For much of my eleventh year Mother and I lived in La Calma Inn. We never called it “The La Calma,” the way other Anglos did, which always amused Luz. “Don’t they know ‘la’ means ‘the’?” she’d say.


After Father disappeared, Mother hired lawyers and a detective but no one could find him and we couldn’t afford the apartment anymore. We packed everything that would fit in the Buick and moved to a hotel. In what would become a pattern, Mother moved us out after five days, citing poor management. For years I assumed it was customary to leave hotels in the middle of the night.

Pretty soon we left Los Angeles altogether. Mother said she needed to get out of town for a little while. A “sabbatical,” she called it. She was eager to resume her acting career but claimed it was a difficult time for blond bombshells such as herself. “Marilyn and Kim are taking all the good roles for our type,” she said, “and Jayne and Mamie are taking all the bad ones.” It would be better to take a break from the business, save up some money, and return at a more opportune moment.


We rumbled around the Inland Empire, living in motels and never staying more than a week in one place, until Mother landed a job at a cocktail lounge in Santa Bernardita. The nature of her work remained elusive to me. She was neither a waitress nor a performer. “I’m there for atmosphere,” she said. “To make the place feel fuller. Especially on slow weeknights. It’s easy—I just have a couple of drinks and talk to people.”


La Calma Inn was nearby. “We could live here,” she said when we first pulled into the parking lot. “This place has glamor. This place has class.”


The motel was constructed in what Mother called “the mission style,” which I guessed had something to do with the pink and blue trim that contrasted brightly with the white walls. Mother loved the bougainvillea, the fountains, the big mirrors, the colorful paintings. The place had an air of faded Spanish elegance.


Mother was out late every night. The lounge was close enough that she could walk home, but sometimes she’d get a ride. Some nights there would be loud laughter when she got out and some nights there would be yelling and slammed car doors. Some nights she’d come in crying and try to muffle it with a pillow, and to spare both of us the discomfort I’d pretend I was still asleep.


Since she worked so late she’d sleep in, and in the mornings I’d get up quietly while she snored. I’d bike to school with Luz. She was the daughter of the motel owner and less than a year older than me. One of the daughters. Her older sister, Imelda, was sixteen and went to the high school. 

La Calma was on the outskirts of town and the elementary school was too far to walk to, but Santa Bernardita was a resort town with few year-round residents and couldn’t support a school bus. Imelda always rode to school in a car with friends or boyfriends and didn’t want us younger kids tagging along.
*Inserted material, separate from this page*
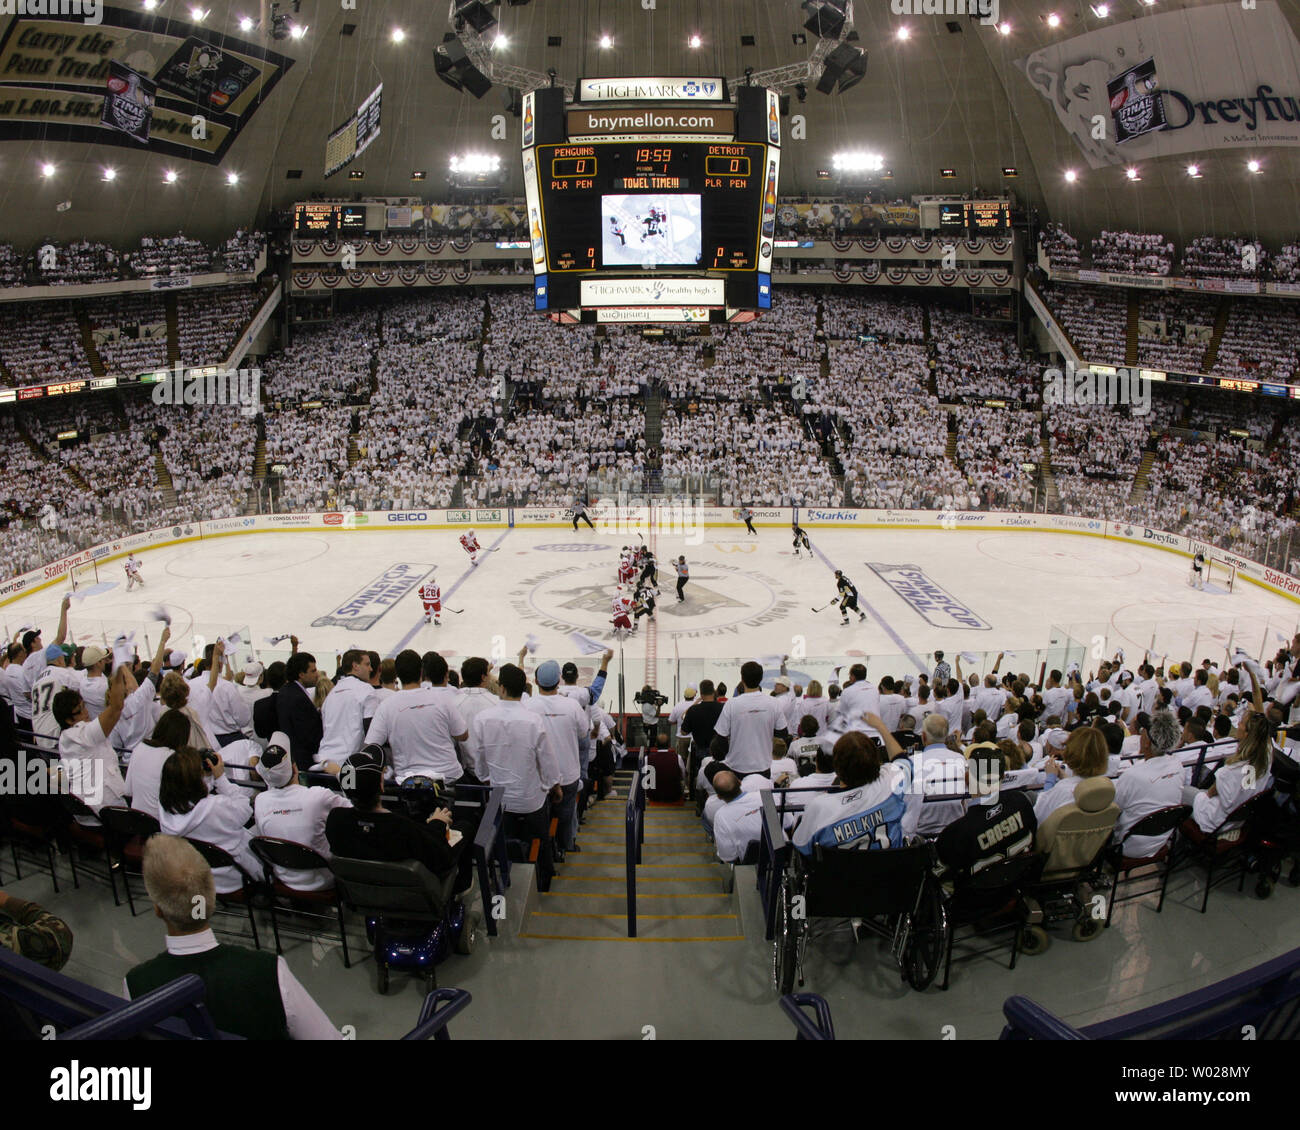 File:Pregame, Pittsburgh Penguins, Joe Louis Arena, Detroit, Michigan  (21516259589).jpg - Wikimedia Commons

I didn’t have my own bicycle but there were a couple at the motel for use by the guests, who never used them, so Luz and I rode those.


After school we’d swim in the pool if the weather was good or play in the empty rooms. Mother would go to work in the late afternoon and rarely made any arrangements for my dinner, so Imelda usually fed me when she fed Luz. Their father, Eduardo, claimed to be a great chef, but he never cooked for us because he was always busy running the motel. Imelda’s mother had taught her how to cook but she died before she could teach Luz. Imelda always complained about having to do all the cooking but refused to teach Luz because she said she didn’t have enough time. Imelda was mean to Luz and nice to me. She tousled my sandy hair and called me “güero” while Luz glowered. Imelda was the sort of person who could make a delicious meal out of whatever happened to be around. Nothing but rice, beans and a couple tortillas? No problem—Imelda would whip up something that would taste better than almost anything I’d ever eaten. Then as soon as Luz and I were fed a car would pull up and honk and Imelda would dash out for a date.
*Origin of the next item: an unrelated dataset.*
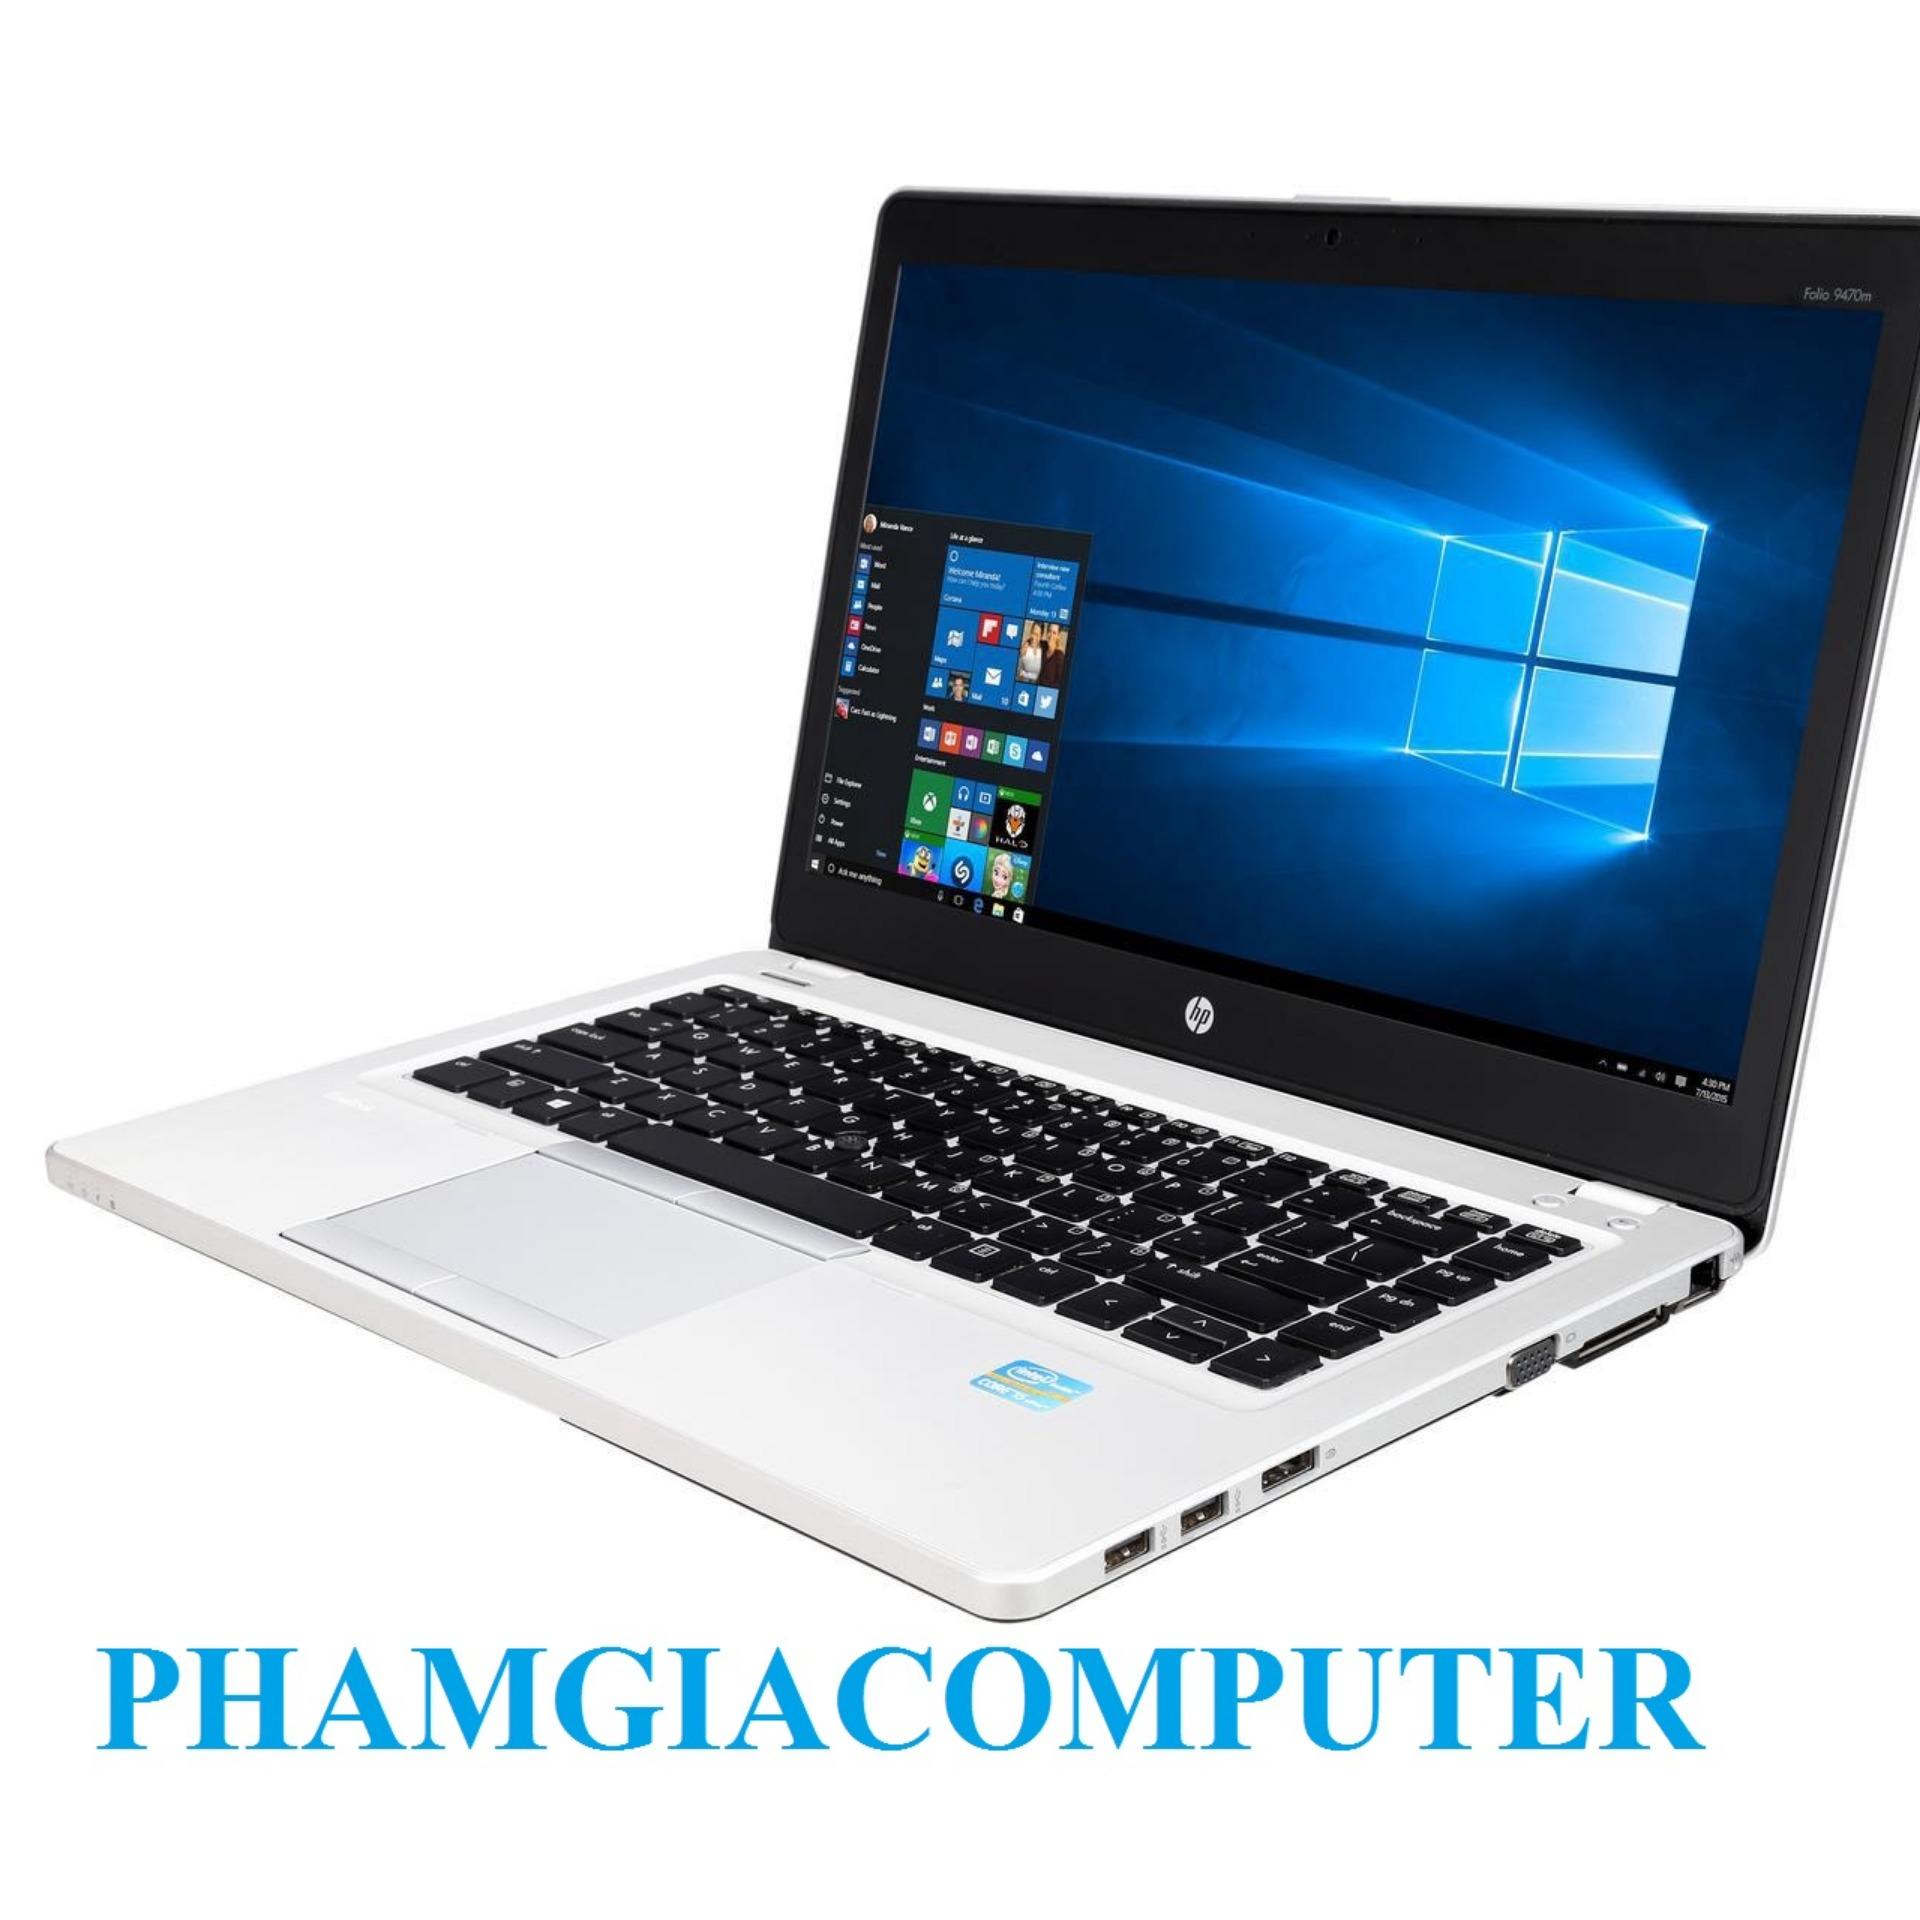 LAPTOP HP FOLIO 9470M Core i7 3667u Ram3 8G SSD 128G 14in Ultrabook siêu mỏng nhẹ 1.6Kg-Hàng nhập khẩu-Tặng Balo,...

On Sundays, her day off, Mother would put on her pink swimsuit and work on her suntan while us kids would splash around in the pool. Sometimes she’d do her exercises, which consisted of bending down and touching her toes for about eight seconds. Sometimes Imelda would be there. Mother said she looked like Dolores del Río. When she went to school Imelda wore dresses and skirts but the rest of the time she wore tight sweaters that showed off her boobs and short shorts that showed off her long shapely legs. By the pool she wore a two-piece bathing suit. Luz caught me staring at her sister sometimes. Luz didn’t have boobs yet, and she had long legs but they were like sticks. She was beautiful but in a different way and she didn’t know it. I stared at her sister because who didn’t? Imelda’s beauty was public, obvious to everyone, even if it was out of reach to almost everyone, including most of the boys who pulled up in their cars to take her on dates. Luz’s beauty, on the other hand, seemed like something only I could see.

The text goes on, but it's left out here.